Your frustration is shared by all of us who want to see volunteer systems that fuction like paid systems. Like I said its not realistic to think all volunteer services could ever be held to the higher standards. Many of the small all volunteer services just dont have the call volume to justify change. In these rural areas if growth remains steady or even decreases they in all likelihood will continue to operate with what they have. Trying to bring about change in that setting could end up being a waste of time and resources. Focus should be on maintaining service levels for larger agencies that are forced to cut paid staff by implementing the combination model.

Depending on an agencies geographical area less than 8 minutes to get ALS on the road might not be so bad. If its 8 minutes plus another 15 enroute your right at my old departments average for ALS. However if its 8 then another 30 or more enroute your stretching. Of course factors like are there EMT's or other BLS providers on scene that can manage patient care should be considered.

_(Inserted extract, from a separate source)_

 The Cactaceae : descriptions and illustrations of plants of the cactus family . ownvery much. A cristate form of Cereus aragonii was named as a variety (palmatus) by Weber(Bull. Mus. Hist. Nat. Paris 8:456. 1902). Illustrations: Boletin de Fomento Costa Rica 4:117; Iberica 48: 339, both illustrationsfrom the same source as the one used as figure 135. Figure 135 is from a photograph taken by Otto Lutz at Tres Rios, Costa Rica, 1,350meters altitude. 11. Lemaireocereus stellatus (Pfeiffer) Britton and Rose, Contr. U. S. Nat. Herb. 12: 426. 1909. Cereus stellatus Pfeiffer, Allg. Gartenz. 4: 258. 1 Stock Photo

No one in an area serviced by a volunteer agency is expecting or should expect service like you get in large metro areas. My combination departments expectation of service was 5 minutes for first ins and 9 for ALS which I believe is pretty standard.


----------



## rescue1 (Jun 16, 2012)

Chimpie said:


> Can you explain these again, maybe in more detail?  I'm not understanding.



Yeah, sure.

The volunteer station is an ambulance service that uses home response, with the exception of a paid driver/EMT on duty from 5a to 5p. ALS is provided by a county chase car coming from about 8 minutes away. The response area is fairly large, maybe 60 square miles, but 60%+ of the calls are in town, which is about 2 square miles. They run about 1,400 calls a year. 

Due to the nonavailability of members and distance from the station, the average time from dispatch to response (turnout time) is about 8-9 minutes, with 2-3 minutes of driving time for most in town calls.

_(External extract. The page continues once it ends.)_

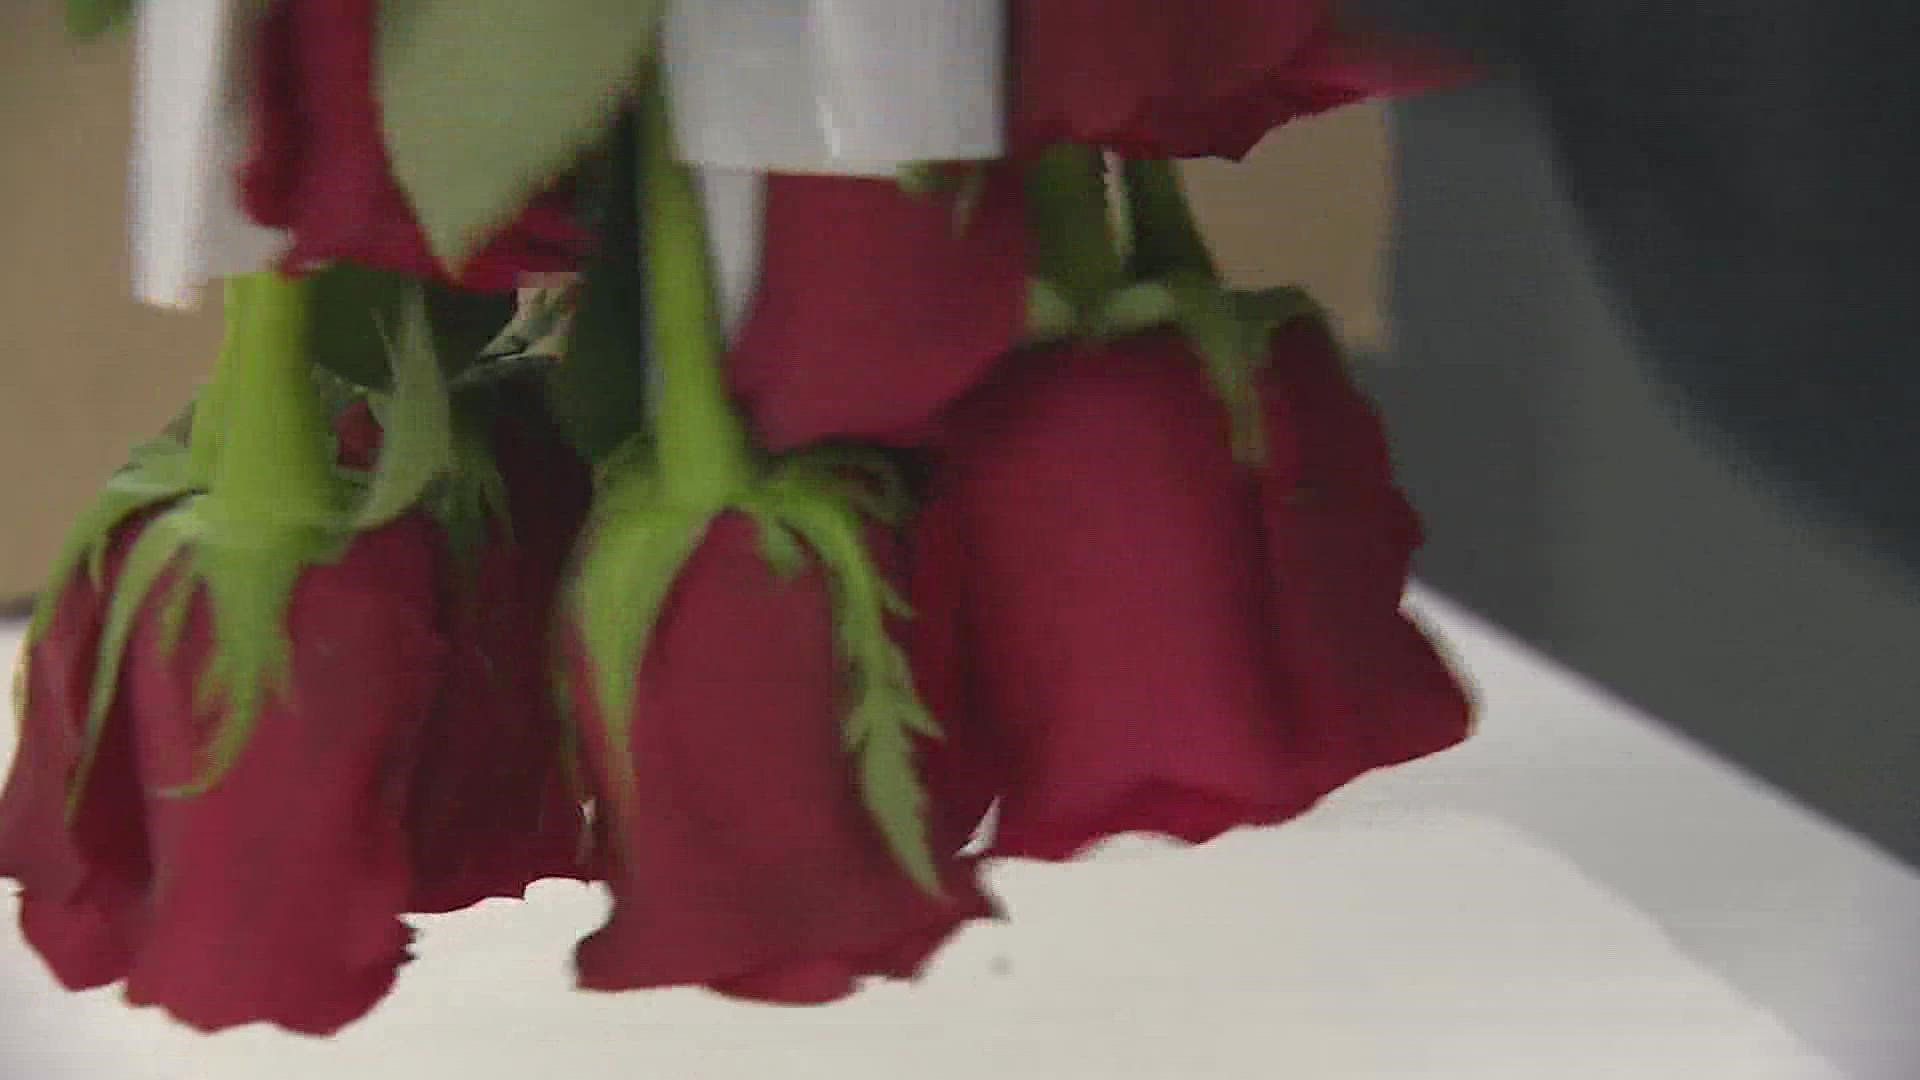 It's a busy week for customs agents at the airport where roses and other flowers are coming in from Ecuador, Colombia & Costa Rica just in time for Valentine's Day.
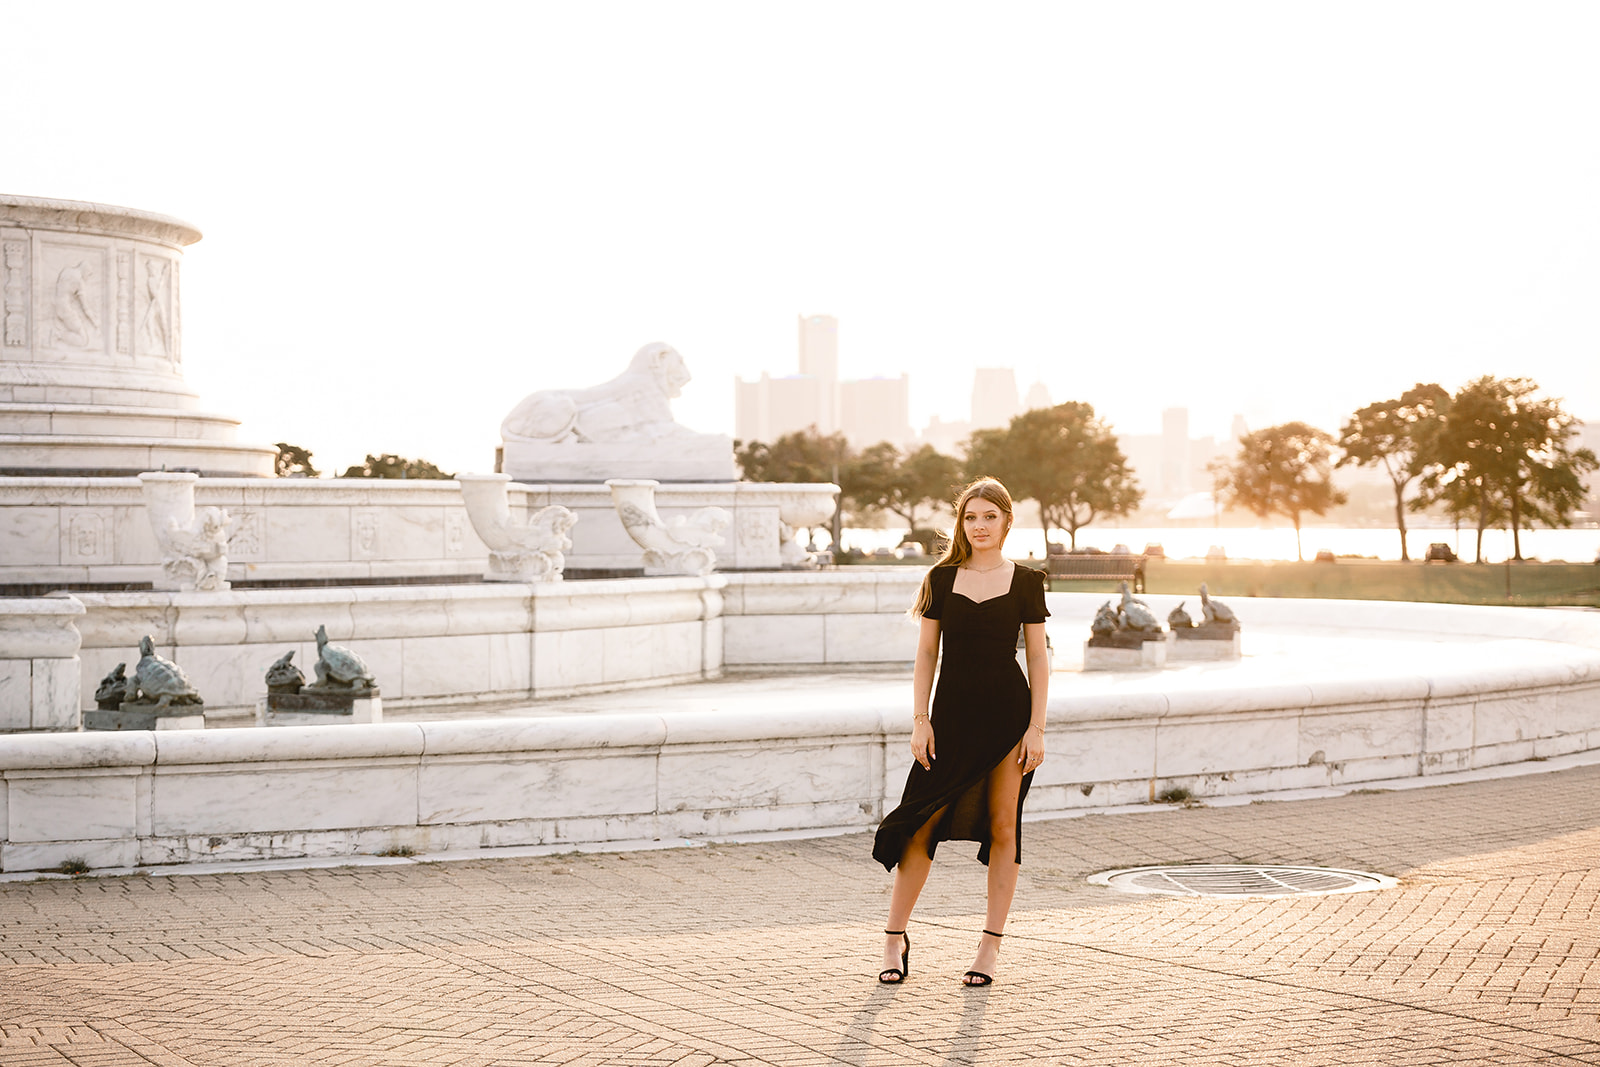 Natalie at the Belle Isle iconic fountain for her senior portrait session

There was discussion between a paramedic stopping by after a call and the chief of said department about the possibility of staffing a county paramedic in the station along with the driver to allow for an immediate ALS response. The chief was against this because it meant that the members living 7-8 minutes away would be unable to make the rig and respond. 

To me, this is a inexcusable reason to provide less effective patient care, especially since the tax base would easily allow for a staffed 24/7 ALS ambulance in that station.


----------



## Chimpie (Jun 16, 2012)

Thanks for the clarification.

So you have an EMT staffed at the station between 5-5, but still have to wait for the paramedic to get there before he/she can roll to the call?  Of does the medic go directly to the scene?

Does the medic get dispatched to every call or just ALS calls?

How many vehicles do you have at that station?
How many stations does this agency/department have?


----------



## Aidey (Jun 16, 2012)

rescue1 said:


> Yeah, sure.
> 
> The volunteer station is an ambulance service that uses home response, with the exception of a paid driver/EMT on duty from 5a to 5p. ALS is provided by a county chase car coming from about 8 minutes away. The response area is fairly large, maybe 60 square miles, but 60%+ of the calls are in town, which is about 2 square miles. They run about 1,400 calls a year.
> 
> ...



I've heard this argument too. If a secondary agency is able to respond faster than the primary agency, the primary agency won't respond as much.


----------



## rescue1 (Jun 16, 2012)

Chimpie said:


> Thanks for the clarification.
> 
> So you have an EMT staffed at the station between 5-5, but still have to wait for the paramedic to get there before he/she can roll to the call?  Of does the medic go directly to the scene?
> 
> ...



The paid EMT must wait until additional volunteers have arrived to fill out the crew. So, at a minimum, he needs one other person to respond. However, SOP states that the crew must hold in quarters until either 3 personnel have arrived or the 8 minute failure mark arrives (when the next due volly ambo will be alerted). The EMT is permitted to respond driver only at the 8 minute mark if no volunteers show (which happens with regularity). When the paid EMT leaves for the day, the same rules apply.
There is one station with 3 ambos and some boats/SUVs.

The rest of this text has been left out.